The Chavis Regime The Chavis Controversy

August 20, 1994|By Sun staff writer Dana Hedgpeth

1993

April 9 -- The Rev. Benjamin F. Chavis Jr., 45, is named NAACP executive director, the seventh in the association's 84-year history. He goes immediately to Los Angeles and spends five days in Watts housing projects awaiting a verdict in the Rodney King civil rights case.

April 30 -- Attends a "peace summit" of current and former street gang members in Kansas City, Mo.

June 3 -- Promises that "in the not too distant future" the NAACP will have more than 1 million members, up from the 500,000 currently claimed.

July 1 -- Signs agreement with Flagstar Cos. Inc., parent corporation of the Denny's chain, calling for the company to spend $1 billion in the next seven years to increase opportunities for minorities.

July 11 -- At NAACP convention in Indianapolis, outlines broad goals for the organization: a greater emphasis on economic equality for blacks; a revitalized effort to bring in young members, and an increased role in foreign affairs. Announces a $2 million endowment to the group from the foundation of the late Reginald F. Lewis.

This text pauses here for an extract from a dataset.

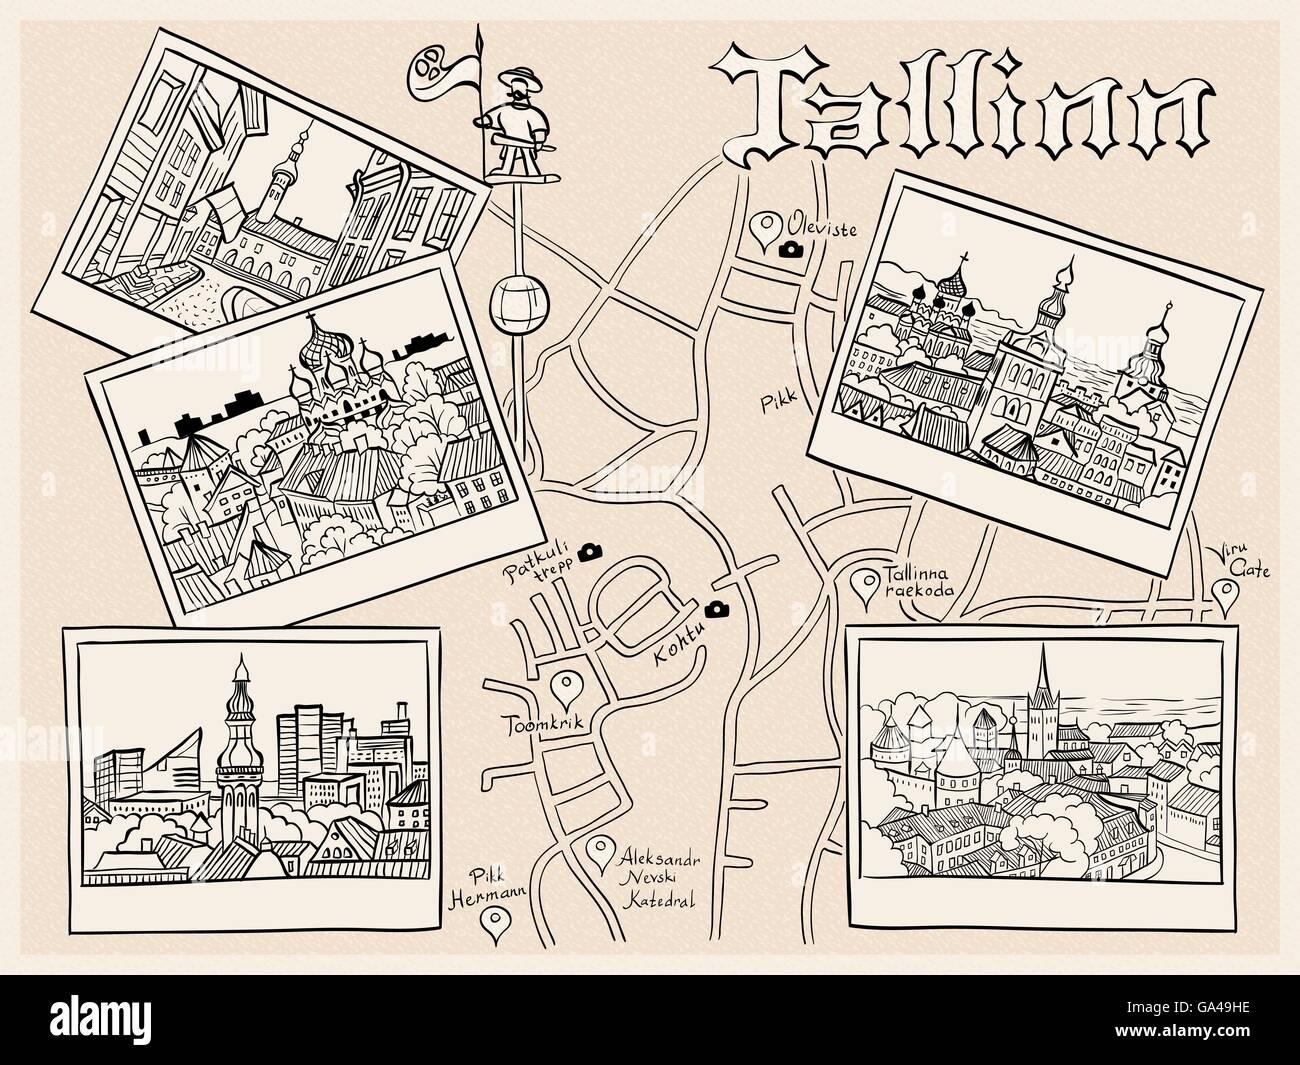 Vettore Città Vecchia medievale, Tallinn, Estonia Immagini Stock

Aug. 19 -- Helps plan the 30th anniversary March on Washington. He does not invite black separatist Louis Farrakhan because of outside pressure.

Sept. 16 -- In a show of black unity, he shares the stage at a Congressional Black Caucus conference with Minister Farrakhan, the Rev. Jesse L. Jackson and Rep. Kweisi Mfume to discuss ways to steer black youths away from violence and how to rebuild inner cities.

Oct. 22-26 -- At gang peace summit in Chicago, pledges to improve blacks' lives and urges members of gangs to "lay down their arms."

Nov. 12 -- Makes secret deal with Mary E. Stansel, a 49-year-old lawyer and former U.S. Senate aide, for the NAACP to pay up to $82,400 while he helped find her an $80,000-a-year job elsewhere. The settlement provided that, if she received no job offer, the NAACP would pay her an additional $250,000.

Nov. 27 -- Claims membership in NAACP has increased to 615,000, with half of the new members 25 years old or younger.

1994

January -- Orders an 8 percent across-the-board raise for NAACP employees.

Jan. 16 -- Denounces in a Smithsonian Institution speech anti-Semitic remarks by Nation of Islam spokesman Khallid Abdul Muhammad.

Feb. 4 -- Says the NAACP is "satisfied" with Minister Farrakhan's discipline of Mr. Muhammad.

Feb. 17 -- Meets in New York with leaders of the Anti-Defamation League of B'nai B'rith.

April 8 -- Dr. Chavis holds meeting with some 25 black nationalists in Detroit without telling NAACP board.

May -- NAACP treasurer tells board members that, at the end of March, the civil rights group had a $2.7 million deficit.

June 12 -- A three-day National African-American Leadership Summit begins at NAACP headquarters, with Minister Farrakhan attendance.

June 14 -- Leadership conference ends and Dr. Chavis declares it a "victory." He claims NAACP membership increased 5,000 a day because of the summit.

June 24 -- Dismisses 10 NAACP Baltimore employees to cut costs.

June 30 -- Ms. Stansel files a lawsuit in District of Columbia Superior Court, alleging that Dr. Chavis and the NAACP reneged on the November 1993 agreement.

July 10 -- Dr. Chavis lashes out at media critics and vows to keep charting a new course for the NAACP as group's 85th annual convention opens in Chicago. Says that membership has risen from 490,000 to 675,000 during his tenure.

July 12 -- NAACP delegates vote to establish an office in South Africa and reject the anti-Chavis candidacy of C. DeLores Tucker.

July 20 -- He and the NAACP file a counterclaim against Ms. Stansel.

July 31 -- At a news conference in Atlanta, he denies that he sexually harassed Ms. Stansel and says he agreed to pay her up to $332,400 to "protect the NAACP."

Aug. 5 -- Releases letter from Rose M. Sanders, an Alabama lawyer who represented Ms. Stansel, that he says proves sexual harassment was not an issue in the case.

Aug. 17 -- Defends his leadership at a unity rally with about 800 supporters in Brooklyn, N.Y.

Aug. 19 -- A second woman who has accused Dr. Chavis of sexual harassment and wrongful discharge is identified in media reports. The woman, Susan Tisdale, appears at a news conference with Dr. Chavis later in the day and says her concerns have been resolved.